The role of PKC in peripheral sensitization is well studied. Activation of PKC in nociceptor terminals is both sufficient and required for producing hyperalgesia [52]. PKC can sensitize TRPV1 [11, 53] and TTX-R Na+ channels [47]. In particular, the PKCε, a Ca2+-independent member of PKC family, can be translocated to the plasma membrane of nociceptors in response to inflammatory mediators such as bradykinin and substance P and plays a major role in peripheral sensitization in inflammatory and neuropathic pain conditions [10, 54, 55]. Indeed, sensitization of TRPV1 requires PKCε-mediated phosphorylation at S800 [10, 11, 56]. Other PKC isoforms such as PKCδ [57] and PKCμ [58] may also play a role in TRPV1 sensitization.
Comparatively, less is known about the role of protein kinase G (PKG), which is activated by nitric oxide/cGMP pathway [10]. The role of nitric oxide/cGMP in pain control appears to be contradictory, ranging from hyperalgesia [59, 60] to antinociception [61, 62], depending on the dose and spatial locations [11]. However, nerve injury upregulates the neuronal nitric oxide synthase in DRG neurons [63]. In Aplysia sensory neurons, PKG couples to extracellular signal-regulated kinase (ERK) pathway and contributes to axotomy-induced long-term hyperexcitability [64]. In particular, GTP cyclohydrolase contributes to peripheral neuropathic and inflammatory pain, via the synthesis of tetrahydrobiopterin, an essential cofactor for nitric oxide synthesis [65].

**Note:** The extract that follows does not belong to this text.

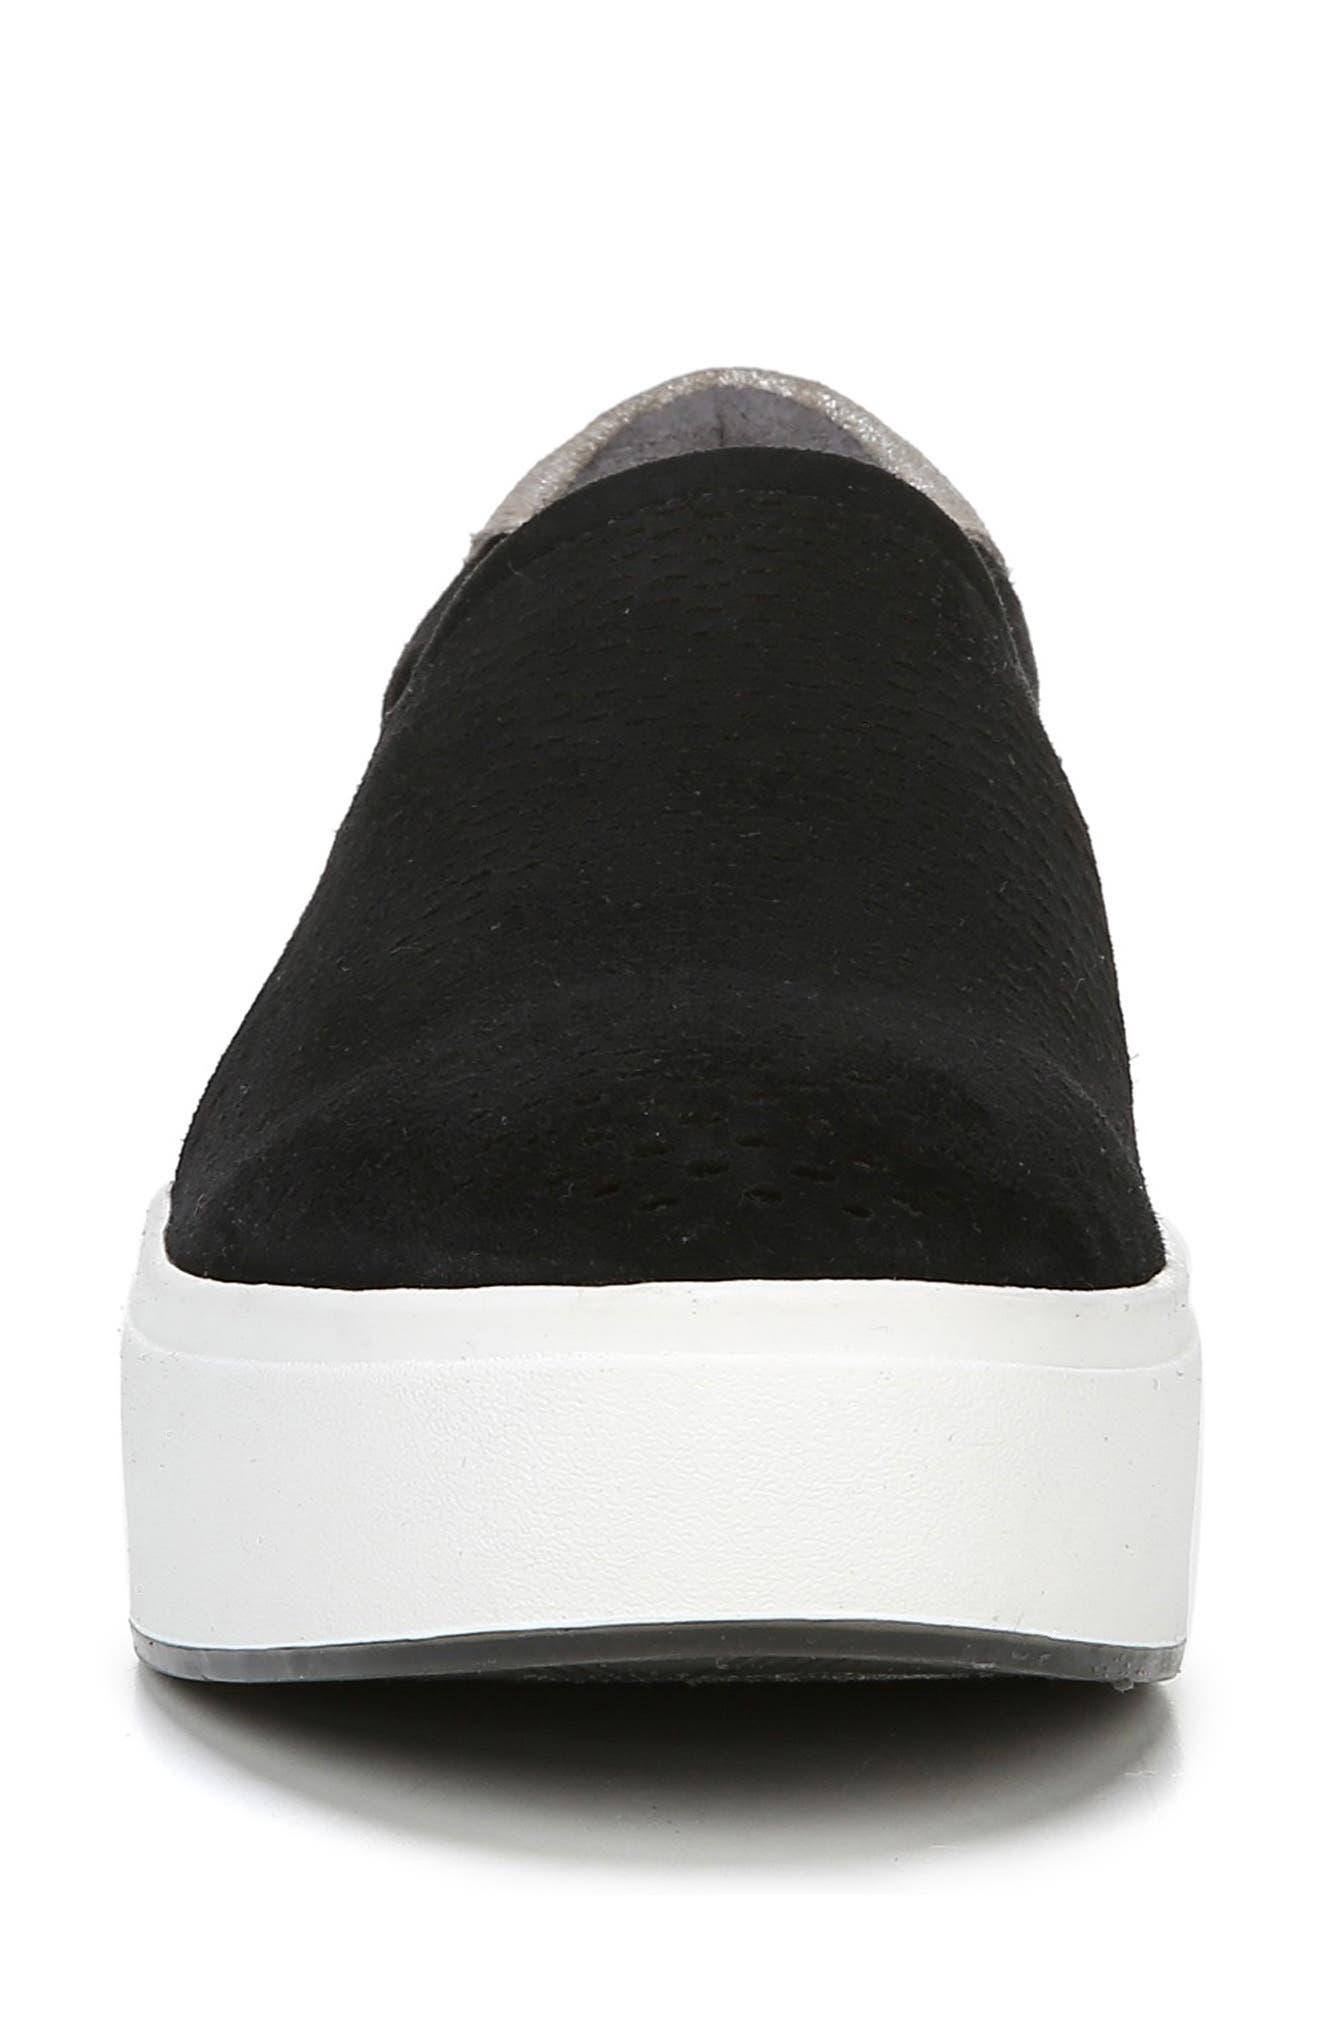 DR. SCHOLL'S, Abbot Lux Sneaker, Alternate thumbnail 4, color, BLACK SUEDE

MAPK Signaling Pathways and Peripheral Sensitization
Mitogen-activated protein kinases (MAPKs) are a family of evolutionally conserved molecules that play a critical role in cell signaling. There are three major family members: ERK (ERK1/2 or p44/42 MAPK), p38, and c-Jun N-terminal kinase (JNK) that represent three different signaling cascades. MAPK transduces a broad range of extracellular stimuli into diverse intracellular responses by both transcriptional and non-transcriptional regulation [66–69]. Although ERK was originally implicated in regulating mitosis, proliferation, differentiation, and survival of mammalian cells during development, it also plays an important role in regulating neuronal plasticity and inflammatory responses in the adult [66, 70]. p38 and JNK are typically activated by cellular stress (ultraviolet irradiation, osmotic shock, heat shock), lipopolysaccharide, and proinflammatory cytokines such as TNF-α and IL-1β [70]. MAPKs are activated by upstream kinases via phosphorylation. Notably, MAPK studies greatly benefit from phosphorylation-specific antibodies available to investigate the activation of each MAPK pathway. Unlike many other kinases, relatively specific inhibitors are available to study the function of MAPK pathways. Inhibition of all three MAPK pathways with multiple inhibitors has been shown to attenuate persistent pain after tissue and nerve injuries without changing basal pain perception [67–69].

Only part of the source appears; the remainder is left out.